Snide or Insulting Comments
It would be a mistake to make snide or insulting comments at mediation, but those clients and attorneys in hotly contested disputes may find themselves saying things they would not normally say. Everyone involved in the mediation process must keep a professional demeanor. Personal insults can burn bridges or invite overly adversarial behavior in the future. Such comments typically stem from a lack of communication before the mediation.
For example, a personal injury client may be angered by what she perceives as a low-ball offer if she is not prepared for a low starting offer. A client who expects a low first offer and understands that the demands and offers will slowly move closer to a common number will be better equipped to avoid insulting those at the other end of the table.
Attorneys and clients alike should strive to use “I” or “we” language during mediations. Obviously the two sides will disagree about some of the underlying facts and how a potential jury will see the case. Still, using less accusatory language can communicate this difference of opinion without unnecessarily angering the other side.

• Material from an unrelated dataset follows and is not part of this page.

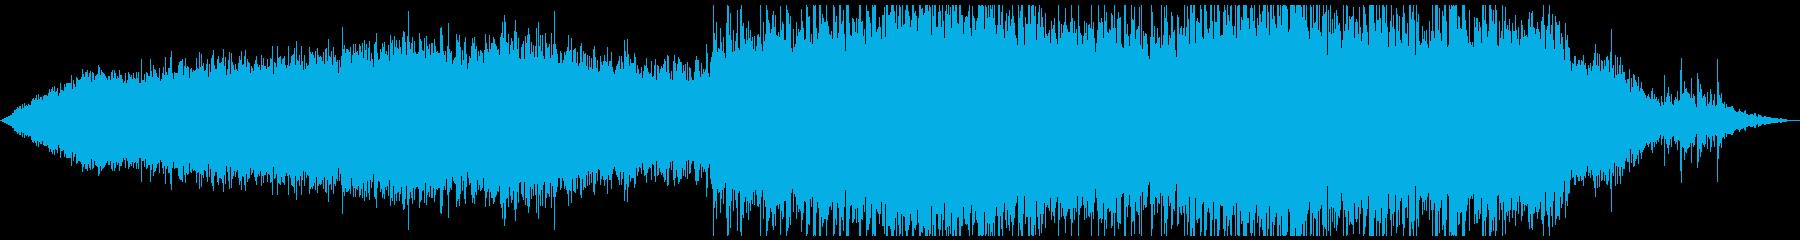 オーガニックな雰囲気のアンビエントの再生済みの波形
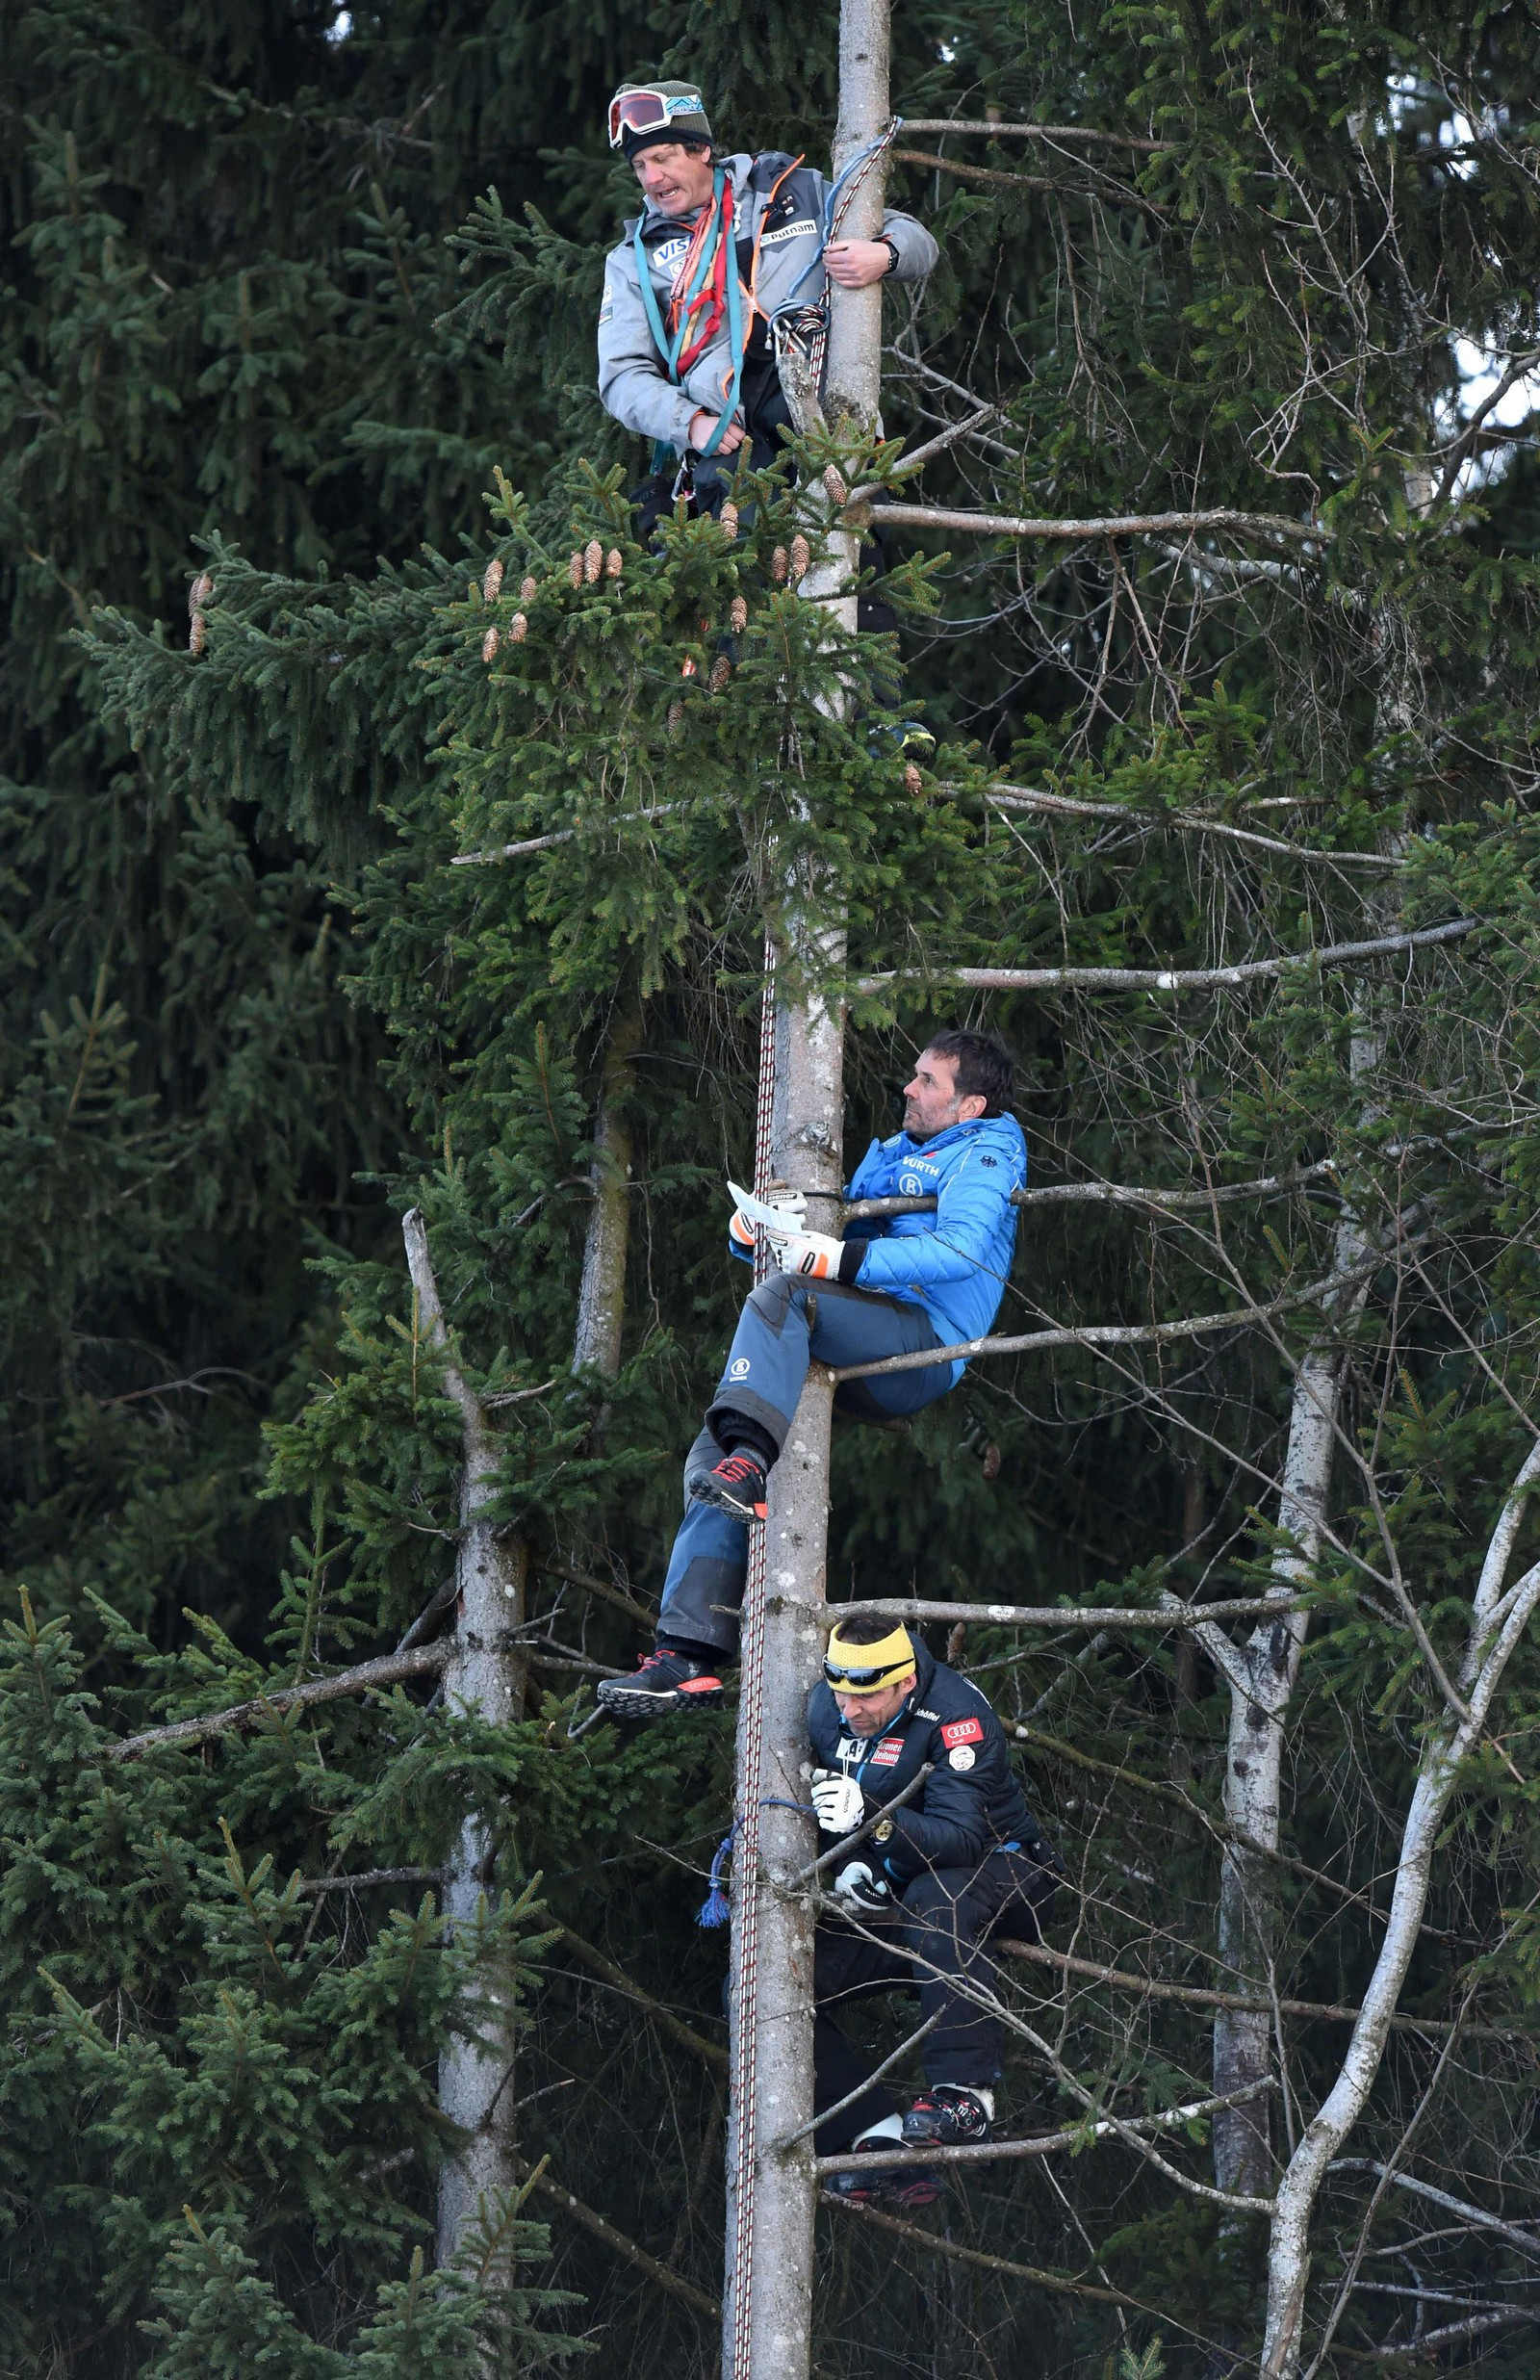 Disse lagassistentene valgte en noe original utsiktspost for å følge alpinistene fare nedover Garmisch-Partenkirchen forrige helg. Konkurransen ble vunnet av  Aleksander Aamodt Kilde.

For example, an attorney representing a personal injury client could say, “We feel a jury will carefully consider your truck driver’s lack of sleep in the day leading up to the accident.” This measured statement communicates the point without using angry language like, “your truck driver couldn’t keep his eyes open and you know a jury will side with us!”
Mediations require cool heads to meet together in a good faith attempt to settle a disputed claim. Do not make one of the common mistakes occurring in mediations. Come prepared, use a professional tone at all times, and avoid needlessly angering the other side. Using these techniques can result in more fruitful mediations where both sides make concessions to end a legal dispute.